Abstract

Importance Over-application and interviewing are believed to be widespread in residency recruitment. These may have increased during the 2021 virtual recruitment season. The increase does not correspond to an increase in available residency positions and likely results in more interviews with low probabilities of yielding matches. Prior work demonstrates that such marginal interviews are identifiable ‑ from key explanatory factors like same-state for interviewee and program ‑ in sufficient volume to allow programs to substantially decrease interviews. Objective To evaluate the importance of same-state relationships in primary care and to determine the extent of over-interviewing in the 2021 virtual recruitment season. Design The National Resident Matching Program and Thalamus merged match (outcomes) and interview (explanatory variables) data from primary care specialties (family medicine, internal medicine, pediatrics).
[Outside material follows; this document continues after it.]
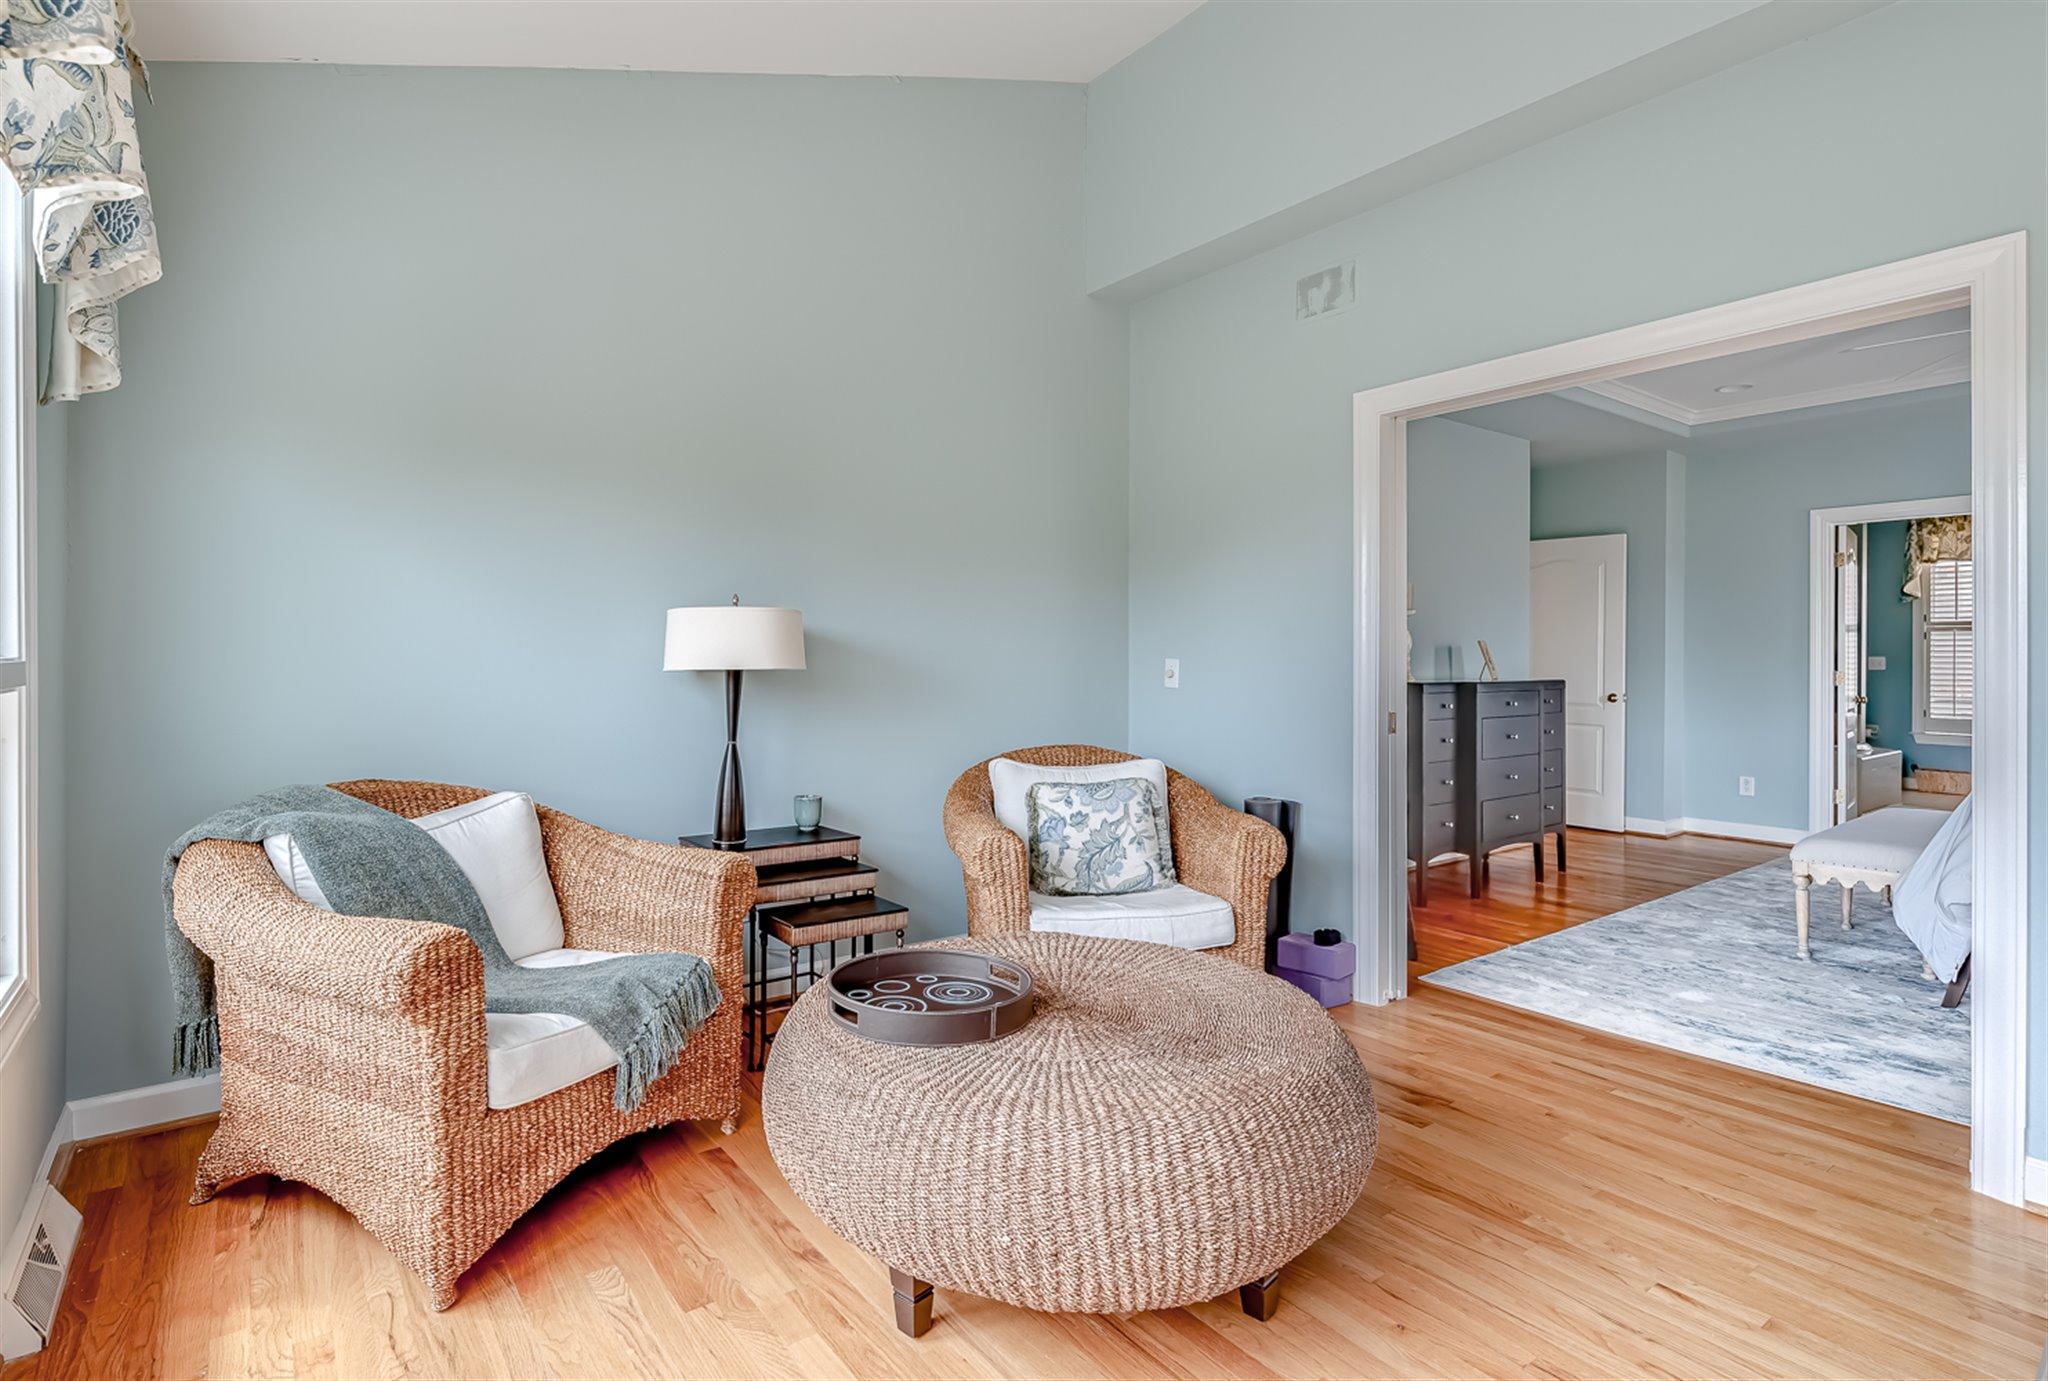 Indigo Point Homes For Sale - 50 Indigo Point, Charleston, SC - 28

Data were analyzed by logistic regression, trained on the 2017-2020 seasons, and projected on the 2021 season for testing. Setting The setting was the 2017-2021 main residency matches. Participants This comprised 4,442 interviewees applying to 167 residency programs in primary care. Intervention This included the transition to virtual recruitment from in-person recruitment in the 2021 residency recruitment season. Measurements A total of 20,415 interviews and 20,791 preferred programs with program and interviewee characteristics and match outcomes were included. Results Same-state geographic relations predicted match probability in primary care residency interviews better than medical school/residency affiliation, with 86.0% of interviewees matching consistently with their preferences for the same state. Same-state was more effective than medical school affiliations with programs in predicting matching. Eliminating interviews with less than a 5% probability of matching (upper 95% prediction limit) removed 31.5% of interviews. Conclusions and relevance The large number of low-match probability interviews demonstrates over-interviewing in primary care. We suggest that programs eliminate interview offers to applications falling below their chosen match probability threshold.